═══ Data shown ═══
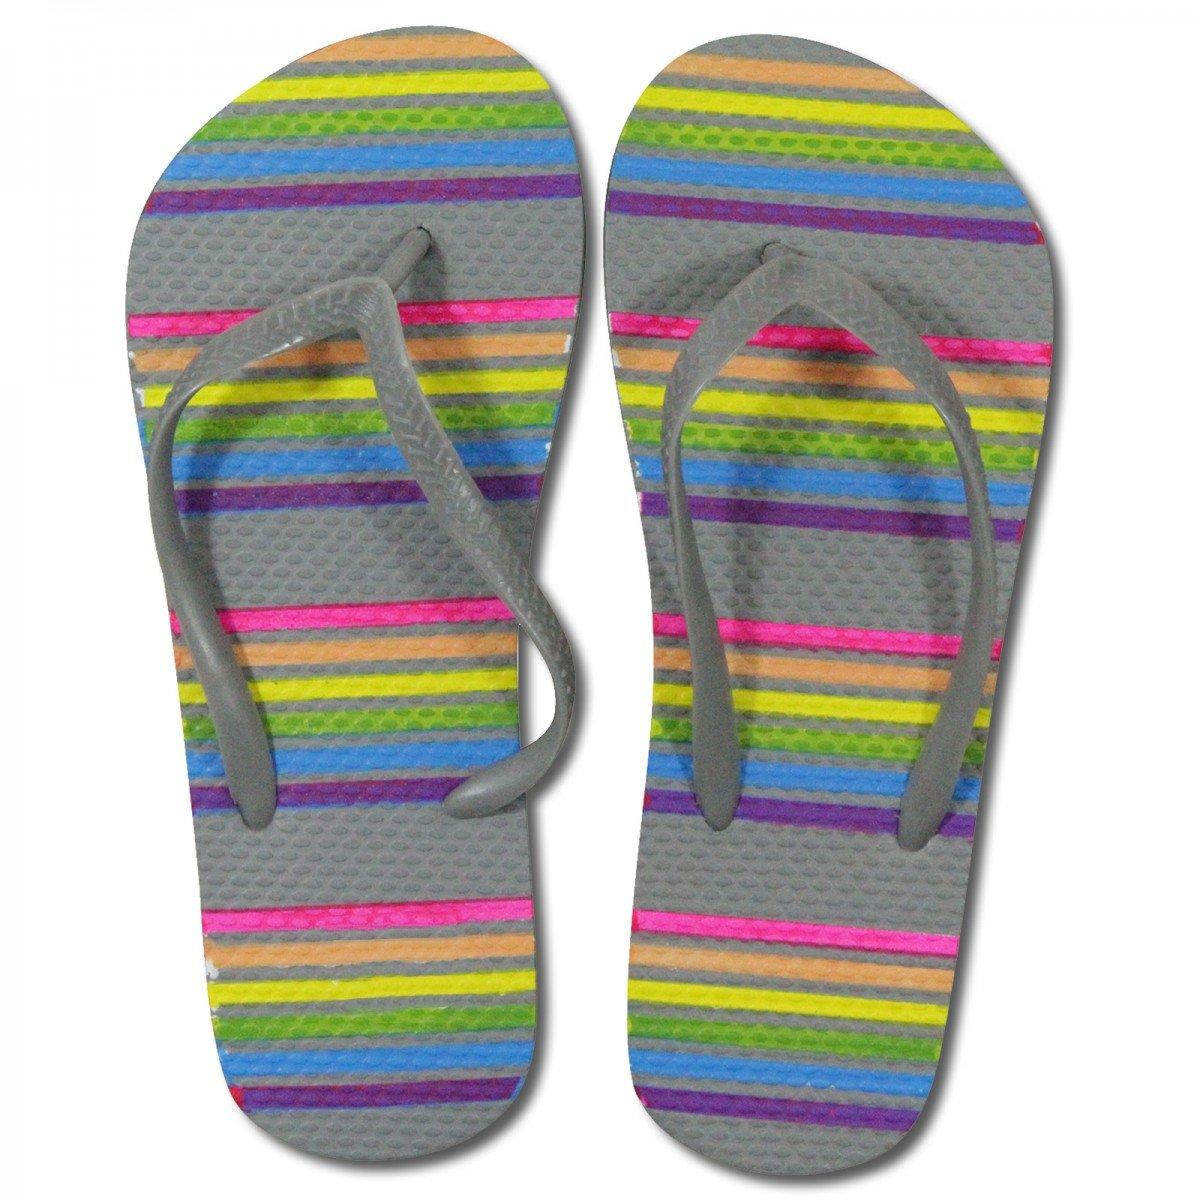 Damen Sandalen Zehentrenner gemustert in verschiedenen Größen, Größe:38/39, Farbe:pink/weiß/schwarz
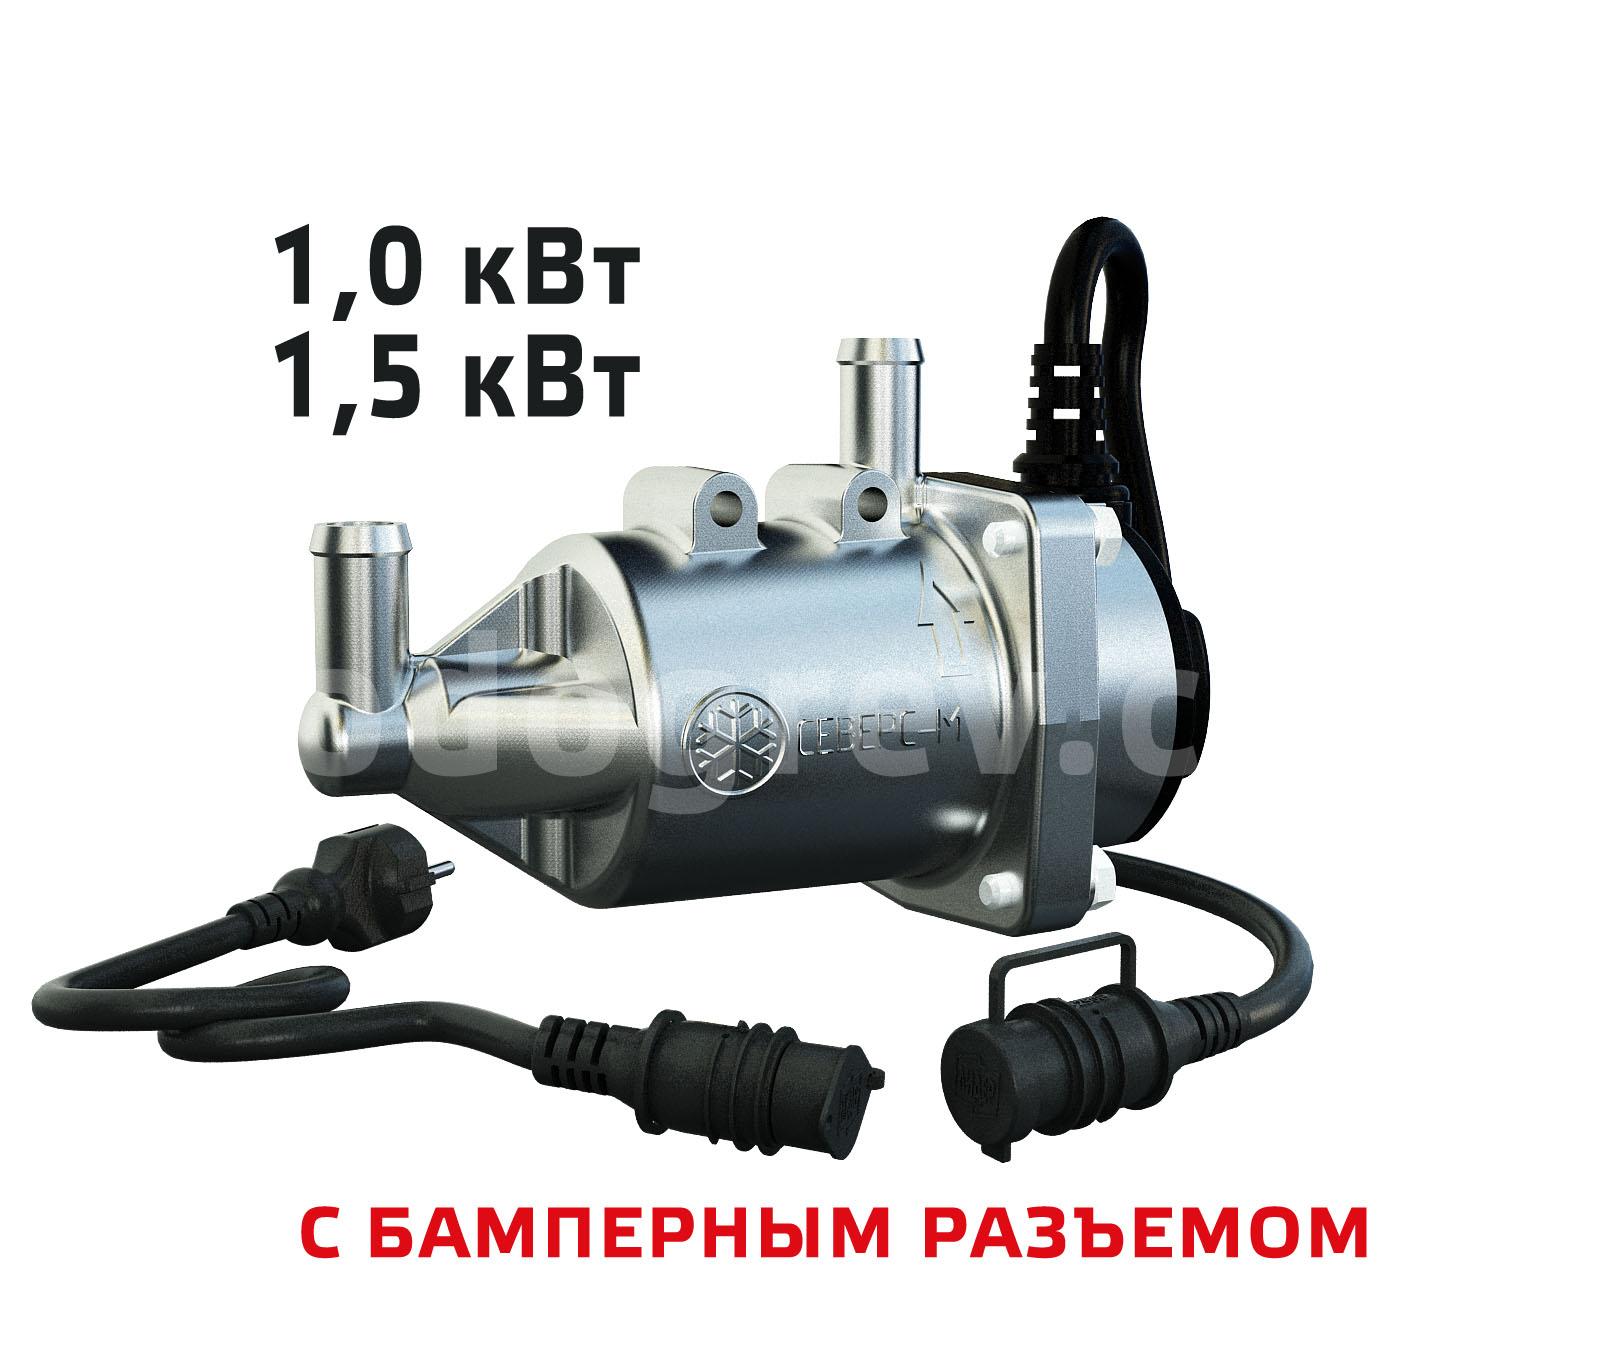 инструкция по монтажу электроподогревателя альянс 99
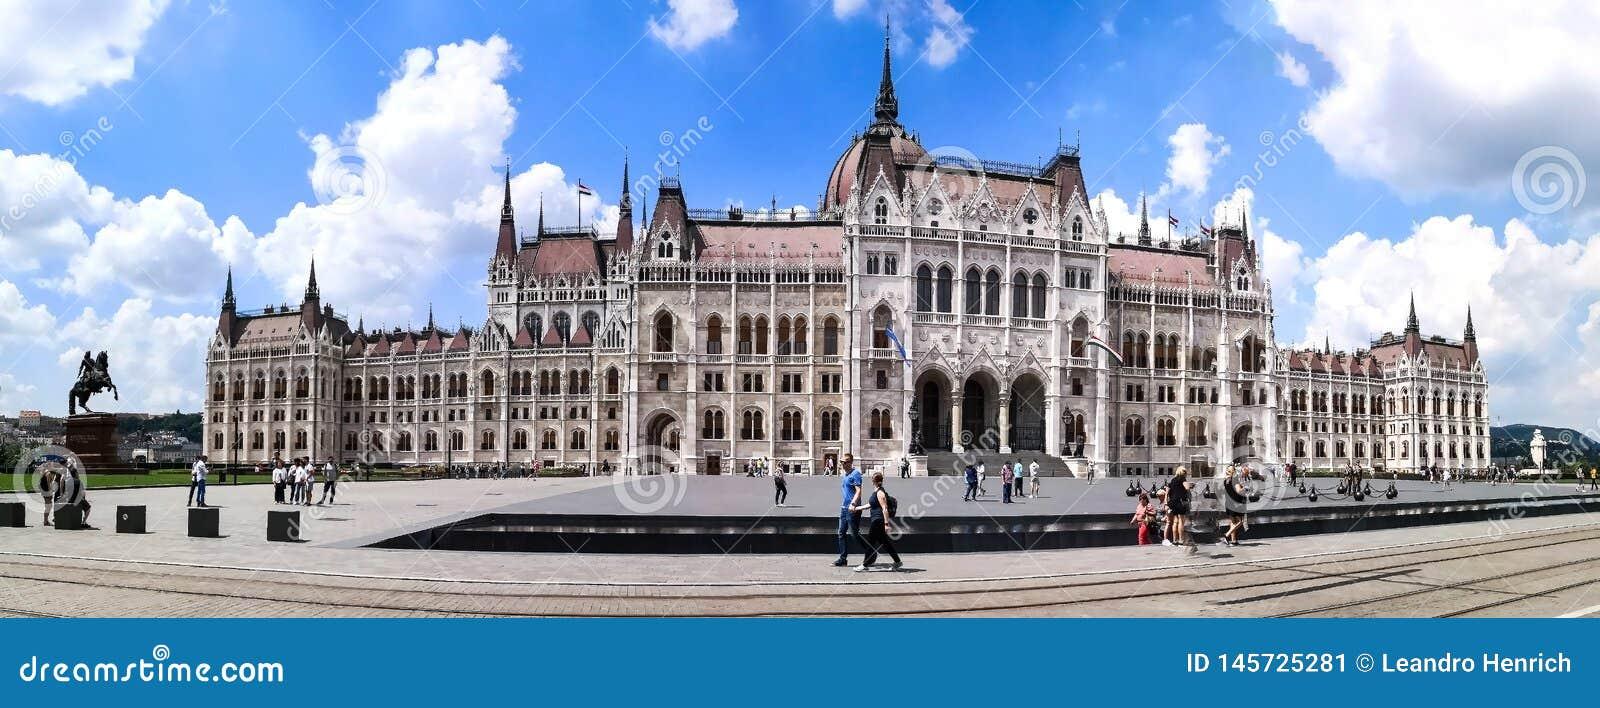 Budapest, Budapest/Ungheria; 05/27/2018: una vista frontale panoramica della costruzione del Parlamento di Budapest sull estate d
═══
**What is required:**
Write the listing above out again word for word, excluding all images.

**Reply:**
 Damen Sandalen Zehentrenner gemustert in verschiedenen Größen, Größe:38/39, Farbe:pink/weiß/schwarz
 инструкция по монтажу электроподогревателя альянс 99
 Budapest, Budapest/Ungheria; 05/27/2018: una vista frontale panoramica della costruzione del Parlamento di Budapest sull estate d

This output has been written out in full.